To get all current viewers, I am making an API call to: “https://api.twitch.tv/helix/users?login=channelid”, and load that into a slice.

This is fine, but once a stream approaches a high viewer count (5,000 or more) the system resources it takes gets pretty heavy. Basically, it takes my bot which runs at 4.0 MB of RAM without the API calls to well over 100 MB after a half hour or so with a very large stream.

Also, each API call can cause a spike in CPU usage.

Obviously this is a lot of data to gather, especially so quickly, so if anyone had a better approach I’d love to know. Thanks.

I don’t use Golang or SQLite so I’m not familiar with optimisation for them, but from my experience doing analytics and working with large channels it’s just one of those things that you’re going to have to accept that working with large arrays of users, and doing big inserts/updates for a points system, can use a lot of resources.

It’s worth doing some monitoring to see where the issues are for you and track the impact changes make. For example in my setup I found when my channels start hitting ~40k viewers MongoDB was having issue with such a big update, so I set it up to split it up into multiple updates and that improved performance somewhat.

On top of that you can also trade off real-time accuracy with your points system with reduced DB updates by buffering multiple updates and doing it at once, eg if you give out points at a 5 minute interval, buffer the points and update the db every 10, 15, or 30, minutes. Or if DB operations are not as much of an issue as the API request itself and handling that data, it’s not always possible to reduce that if the channel happens to have a lot of chatters, but you can reduce the frequency of requests and just increments points less often.

Also, I’m not sure what you’re making a request to https://api.twitch.tv/helix/users?login=channelid, is this just to get a chatters ID? If so, I hope you’re caching results so that you’re only requesting that on a cache miss, as if you already have that data cached there’s no point calling it again, at least not in the context of a points system.

Thanks for the advice.

My bad on the URL, I grabbed that from the part of my code that allows users to change titles and games. For actually getting viewers of a stream, I’m using: https://tmi.twitch.tv/group/user/channel/chatters.

Obviously, as you say, that involves dealing with a lot of JSON data in some cases, so it makes sense the system resources is high. I suppose I’ve never noticed that on other bots.

Since you’re opening an IRC connection and requesting the “twitch.tv/membership” capability, is there any reason you’re making an undocumented API call (I don’t recall seeing it documented, anyway) to get the list of users in chat instead of tracking JOIN/PART events?

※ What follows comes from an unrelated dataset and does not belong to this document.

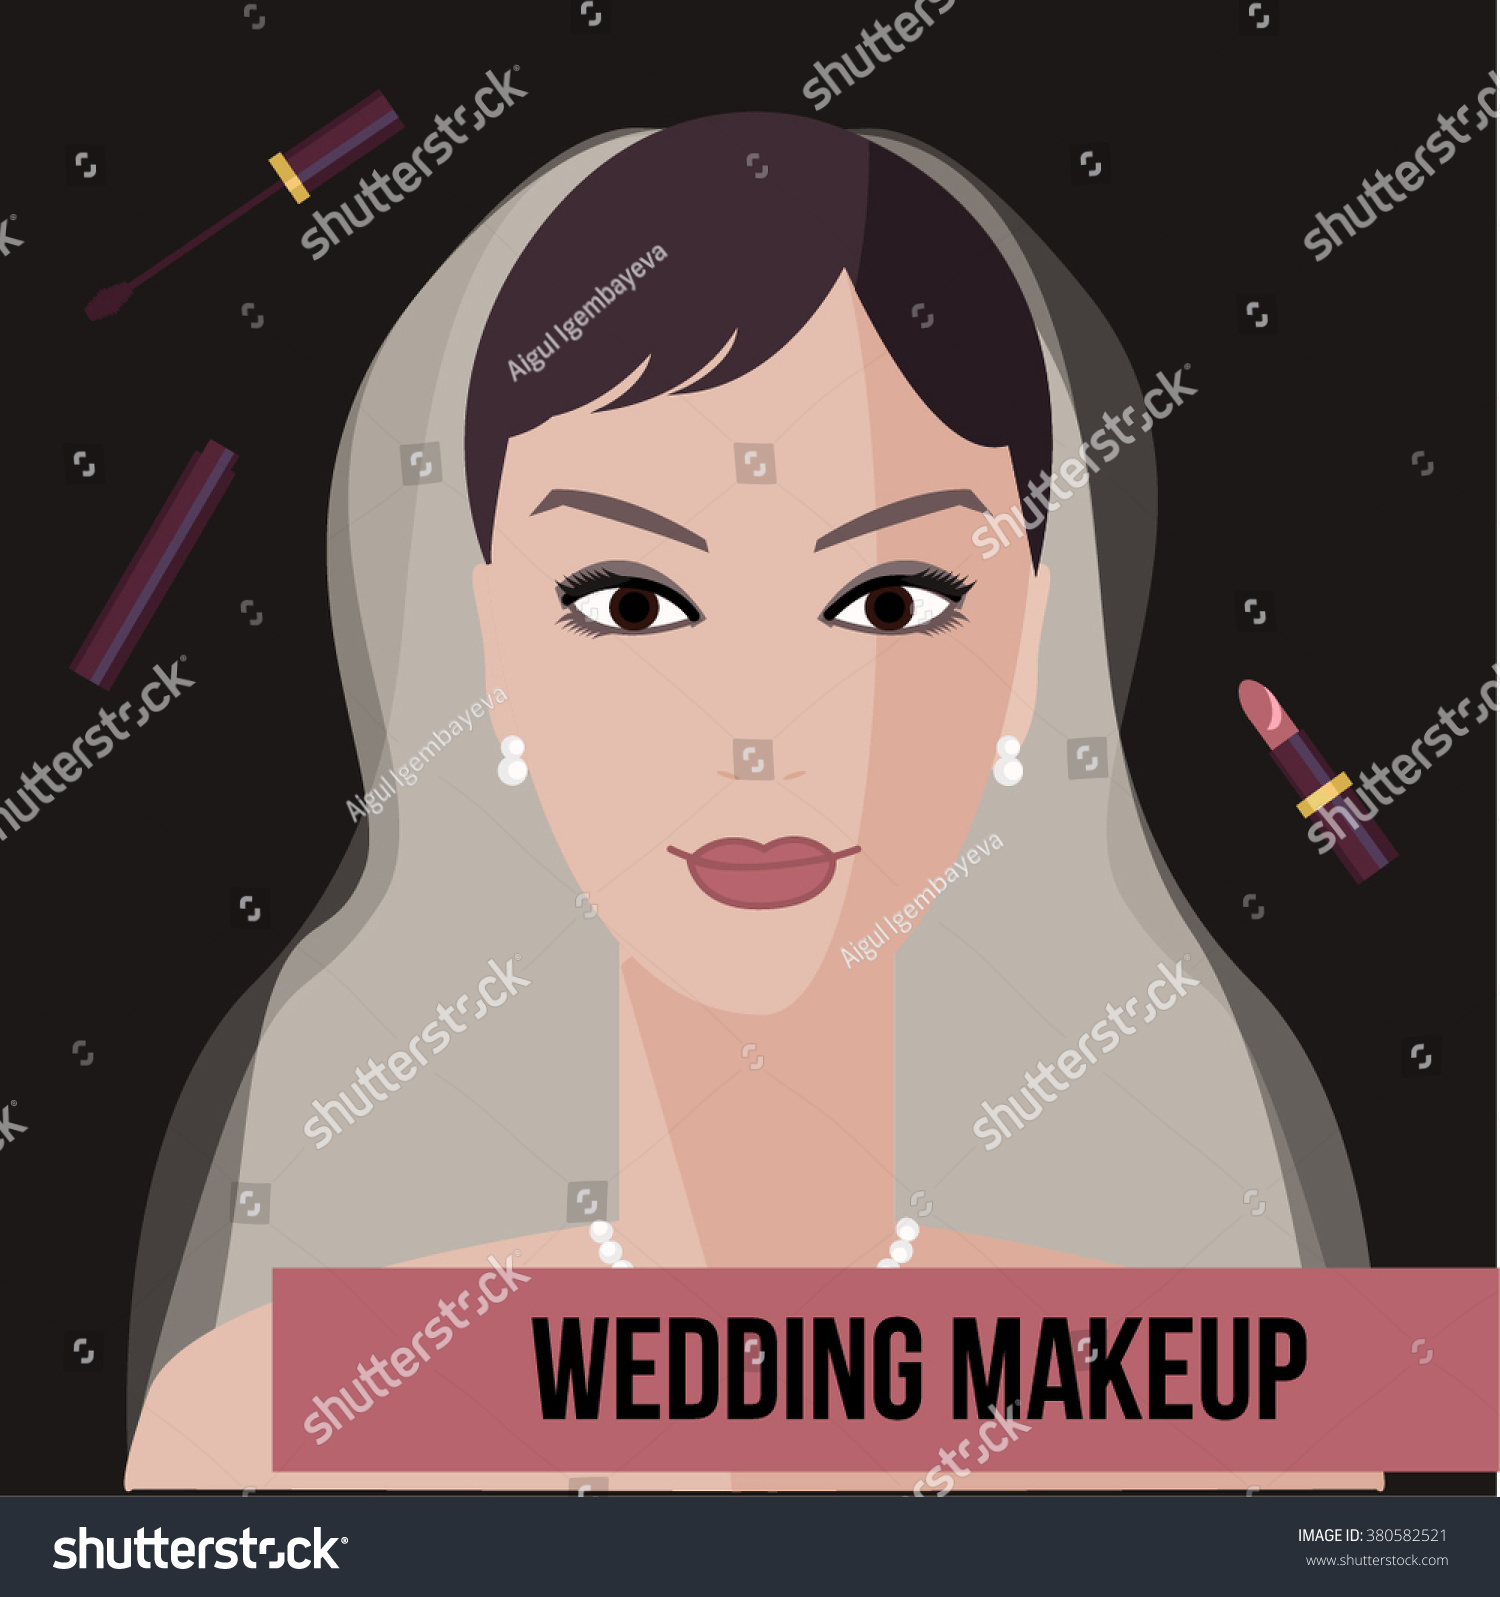 Wedding Makeup Tutorial Red Lips : Wedding Makeup Red Lips Tutorial - Mugeek Vidalondon

Granted, those events don’t give you Twitch user IDs, but what I do is build a list of login names as users join and do a batch /helix/users query every 5 seconds with login names that have joined since the last time that query was run. You also get user IDs in the message tags for PRIVMSG events, which you’ll sometimes see before you see the JOIN event for a user.

As for the database backend, I’m currently using MySQL. Last I checked, SQLite has to lock the entire database file when committing changes (one reason why transactions make such a big difference), while locking in a client/server database engine can be more granular.

Join/part only works on channels with less than 1000 users

That would be a good reason :slight_smile:

Just as well, then, that I stopped giving channel currency to lurkers a while ago. The only reason I process JOINs at all is to synchronize usernames and IDs in my database when they come in. As for currency, I make note of anyone talking in a 20 minute interval, and give those users currency for that period of time (in my case, 25 for followers, 20 for everyone else).